IRCAM - Centre PompidouServeur © IRCAM - CENTRE POMPIDOU 1996-2005.
Tous droits réservés pour tous pays. All rights reserved.

Real-Time Synthesizer Control

Max V. Mathews, Gerald Bennett

Rapport Ircam 5/78, 1978
Copyright © Ircam - Centre Georges-Pompidou 1978

Control of real-time sound synthesizers

It seems clear that apart from its computer IRCAM should have the possibility of real-time sound synthesis. This task might be done by a digital synthesizer since digital techniques appear to be cheaper and better than analogue methods. It seems somewhat less clear that IRCAM should actually build its own synthesizer, for at the moment we have much more musical than engineering expertise, and it would seem only logical to exploit this expertise to the fullest. Because at least one extremely convincing design for a very general and powerful digital synthesizer exists already, it is not clear how necessary it is that we invest great amounts of time in this project. On the other hand, no very suitable or compelling control devices exist to render synthesizers musically useful. We feel that the most urgent priority should be given to developing powerful and supple control devices which could be used with any synthesizer IRCAM decides to buy or build.

The development of such devices will be a two-fold project: the more obvious aspect will be middle-term in length and will concern various sorts of external control imposed on or giving rise to musical material. Some ideas for these sorts of control will be discussed at greater length below.

The other aspect of the project will be of longer duration and cannot be precisely defined yet. The point, however, is this: Just as the digital synthesizer is faster and more economical than the general purpose computer for the specific task of making sound, so it is reasonable to imagine that increased knowledge in psychoacoustics may make it possible to design synthesizers more specifically tailored to certain musical functions. For the moment it is more realistic to consider general techniques for controlling sound synthesis. However, the possibility of developing a synthesizer whose very structure would, for example, simplify complex additive synthesis should be kept in mind.

We shall now consider some specific kinds of devices which seem appropriate for controlling sound synthesis.

Controlling many sound sources with few musicians

How can we control a group of sound sources which is large and complex enough to be musically interesting with the control signals that can be produced by one or by a few performers? We believe this is an essential unsolved problem which is appropriate for IRCAM.

As an example to make the problem clear, the thousand oscillators proposed by Berio appear to be a very interesting sound source. It now seems that they can be built for a reasonable cost and should operate reliably. But how could one man with only ten fingers, one vocal tract, two legs and feet,two arms, one body, and one head control more than a small fraction of these oscillators?

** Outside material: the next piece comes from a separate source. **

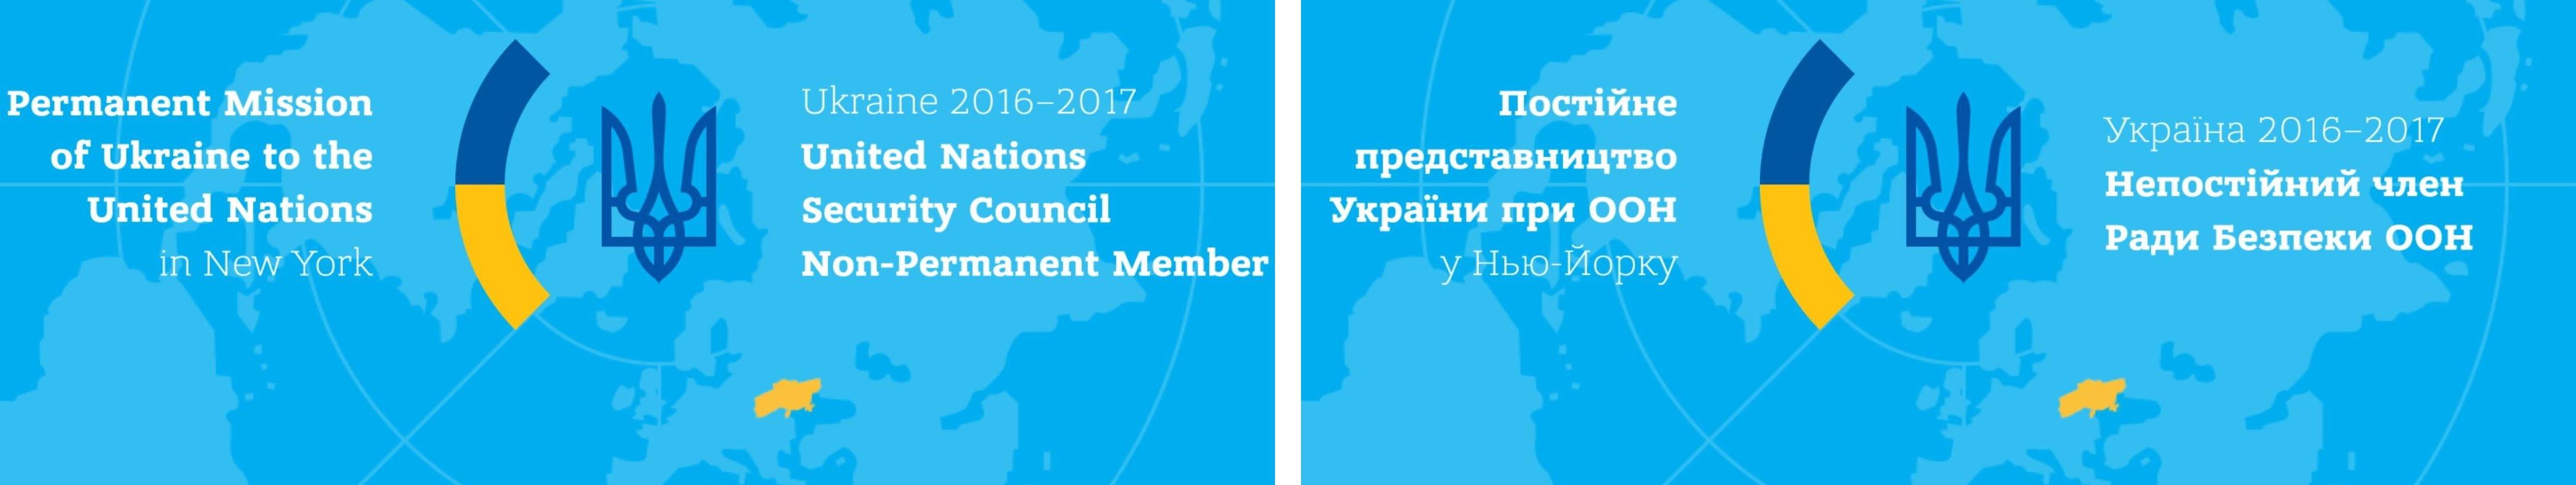 Russian Aggression against Ukraine | Російська агресія проти України

In general, we see several approaches to this problem, all of which are worth studying, none of which are guaranteed to usefull.

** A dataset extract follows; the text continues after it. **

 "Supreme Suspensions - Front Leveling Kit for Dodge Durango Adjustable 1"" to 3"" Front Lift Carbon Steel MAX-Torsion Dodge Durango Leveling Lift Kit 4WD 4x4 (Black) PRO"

  1. Controlling many oscillators with each human action. If many oscillators are controlled in identical ways by one action, the result will almost certainly be uninteresting. A more promising possibility is to transform the action in individually different ways before applying them to the individual oscillators.
  2. Controlling some oscillators with "recorded" actions. A complex process can be controlled by making a number of passes and in each pass controlling only part of the process. The control signals can be recorded and combined with control signals from the next pass so that at the last pass everything is controlled.This is a technique used by "Groove".
  3. Using many aspects of a complex human activity for control. It is possible to derive many signals from a complex process such as human speech or singing or performance on an instrument, and to use each signal for control purposes. Pitch, amplitude, and formant frequencies are obvious possibilities if the activity is speech. Pitch, amplitude and spectrum are possibilities for instrumental performance.
  4. Using many performers. This possibility is obvious but we do not wish to overlook it.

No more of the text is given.